DELİLLER: Dava, cevap dilekçeleri, Küçükçekmece ….İcra Müdürlüğü’nün ….esas sayılı takip dosyası, bilirkişi raporu ve tüm dosya kapsamı… Vs.
Küçükçekmece …İcra Müdürlüğü’nün ….Esas sayılı takip dosyasının incelenmesinde; 24/08/2017 tarihinde 14.447,92-TL asıl alacak 3.86-TL işlemiş faiz olmak üzere toplam; 14.451,78-TL cari hesap alacağının tahsili amacıyla takip başlatıldığı, ödeme emrinin 5 Eylül 2017 tarihinde tebliğ üzerine, borç ve fer’ileri ile icra dairesinin yetkisine itiraz sonucu takibin durduğu, itiraz ve davanın süresinde olduğu anlaşılmıştır.
Taraflar arasında süre gelen ticari ilişkinin bulunması, dava konusu faturalar yönünden talepte bulunulmadığının belirletilmesine rağmen diğer faturalar yönünden ödeme ve takiplerin yapılması nedeniyle taraflar arasında hizmet ilişkisinin bulunduğu kural olarak kabul edilmiştir.

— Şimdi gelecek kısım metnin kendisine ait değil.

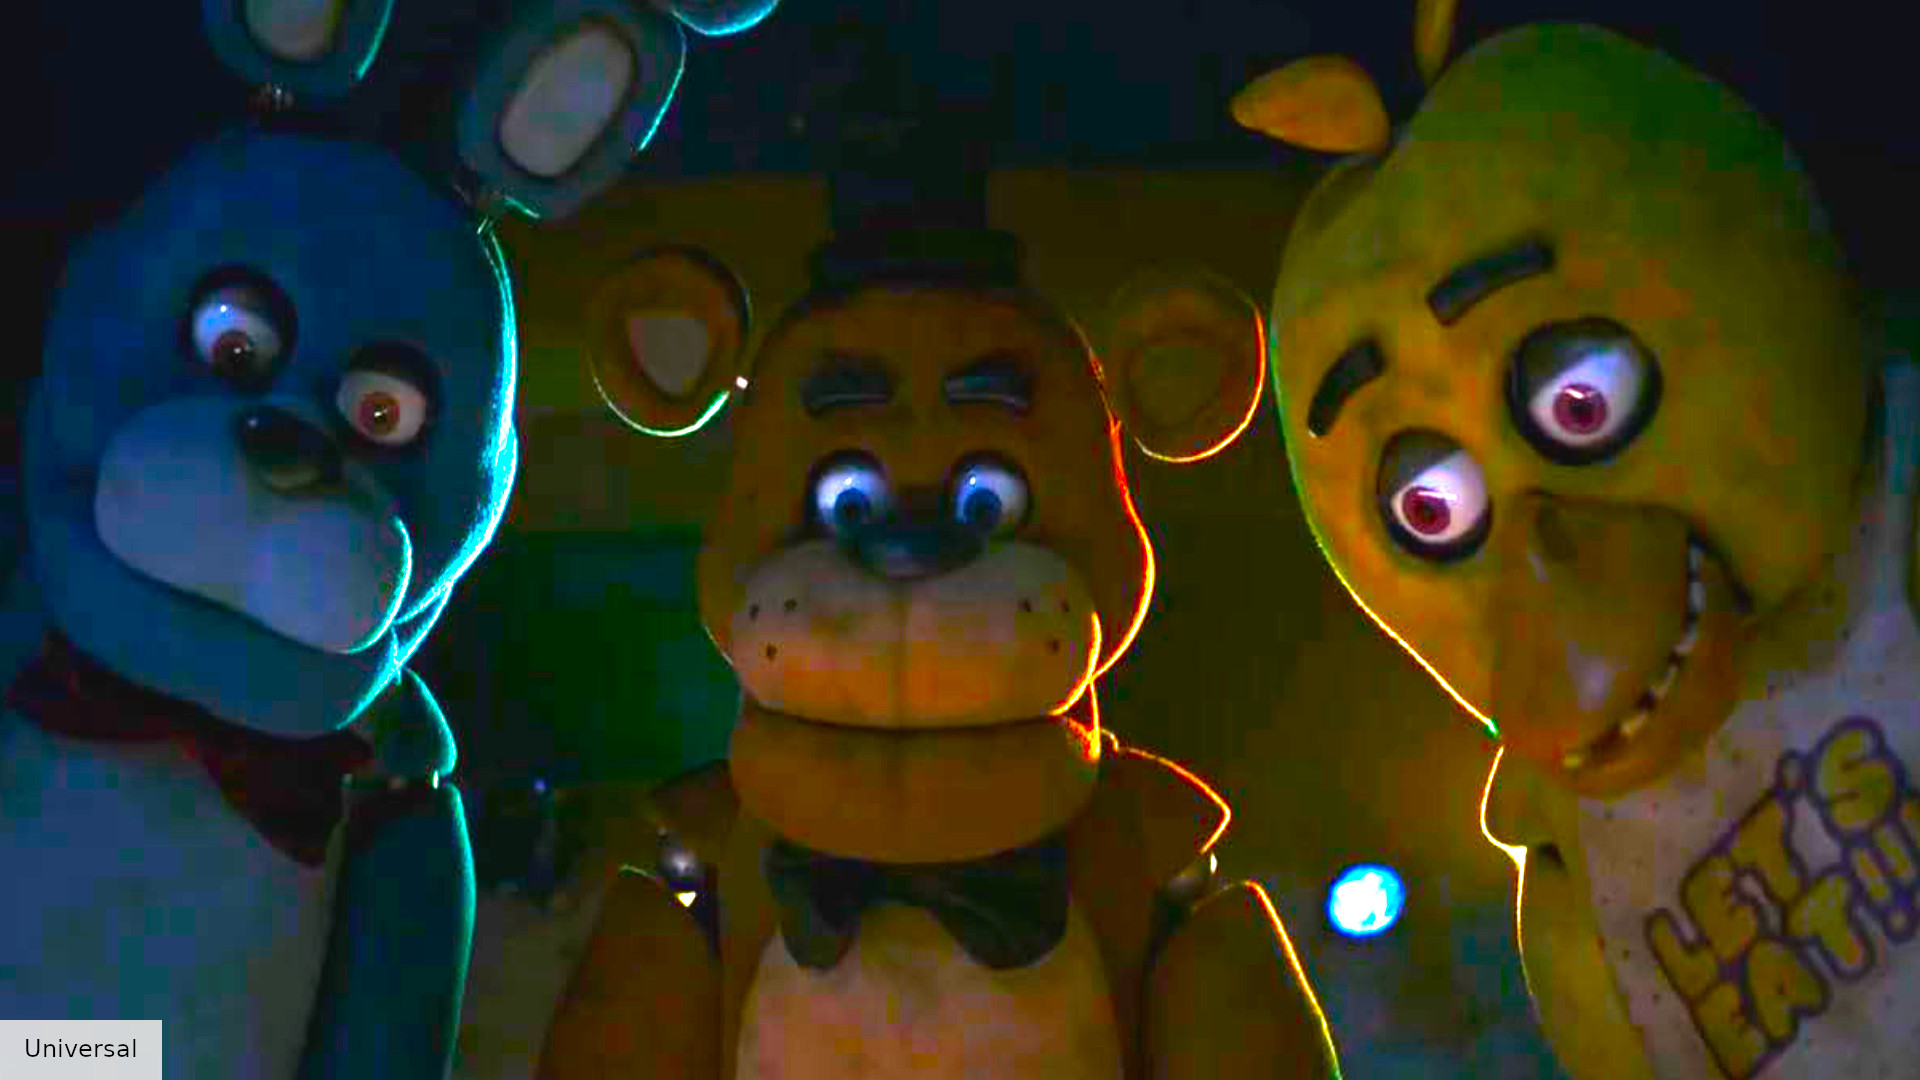 Five Nights at Freddy's Review- Half a Good Film Doesn't Make A
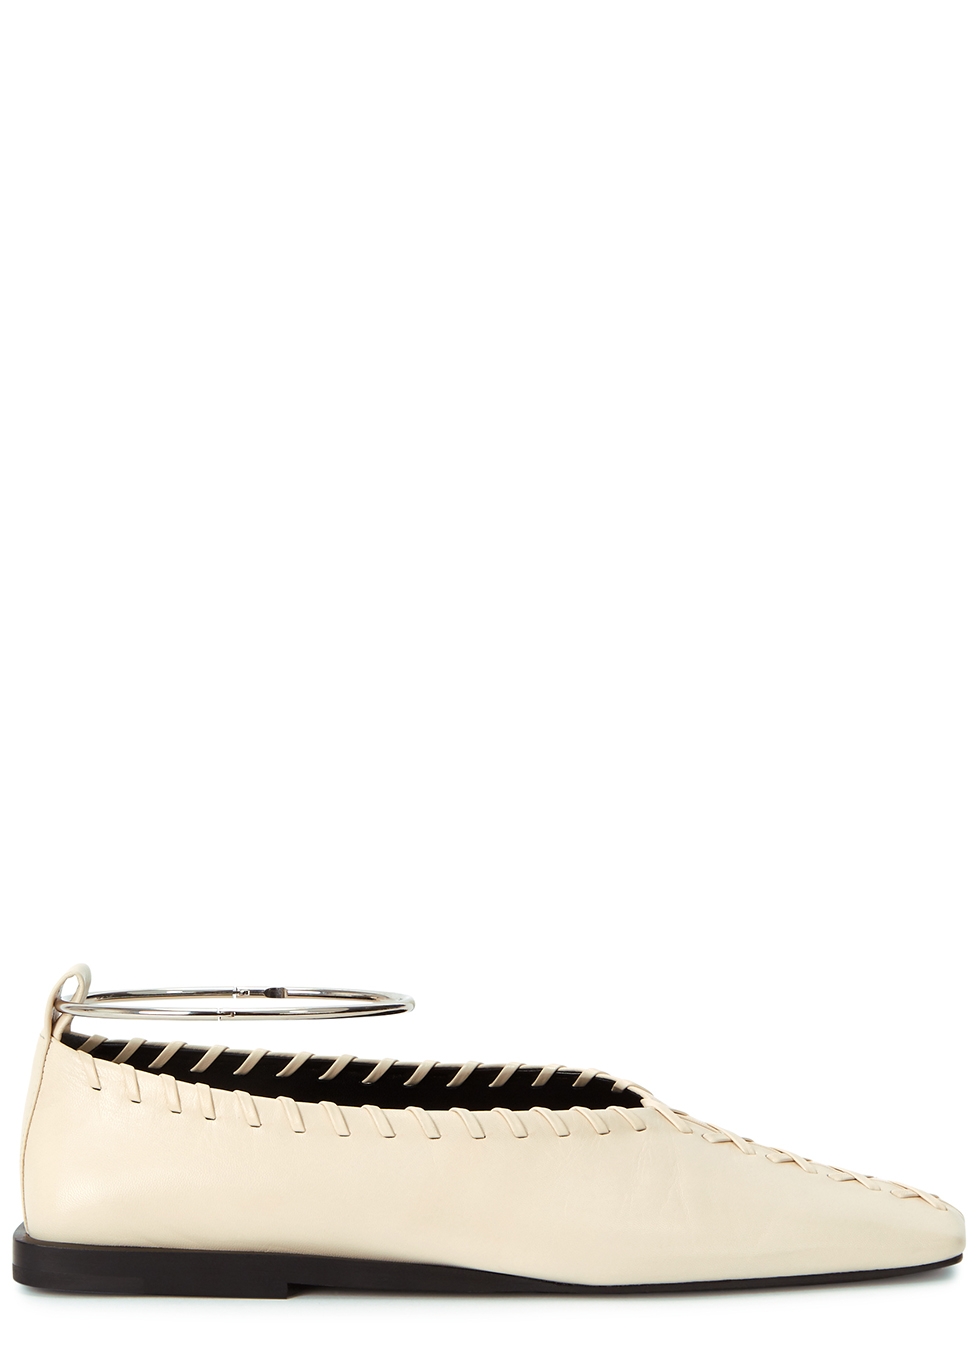 Cream whipstitched leather flats

Sözleşmeden kaynaklı para borçları yönünden alacaklının yerleşim yeri mahkeme ve icra dairelerinin TBK.’nın 89. Ve HMK.’nın 10. Maddesi gereğince yetkili olması nedeniyle icra dairesinin yetkisine yönelik itirazın reddine karar verilmiştir.
Mahkememizce tarafların ticari defter ve belgeleri üzerinde inceleme yapılmasına karar verilmiş olup, mali müşavir bilirkişi tarafından sunulan 16.08.2018 havale tarihli raporun incelenmesinde; davalının ticari defter ve belgelerini sunmadığı, davacının ticari defter ve belgeleri üzerinde inceleme yapılarak düzenlenen incelenmesinde davacı defterlerinin usulüne uygun şekilde düzenlenmesi nedeniyle sahibi lehine delil niteliğinde olduğu taraflar arasında süre gelen ticari ilişki bulunduğu, davacının çeşitli tarihlerde davalıya hotel konaklama hizmeti verdiği, takip tarihi itibariyle davacı alacağının 16.848,12-TL olduğu bildirilmiştir.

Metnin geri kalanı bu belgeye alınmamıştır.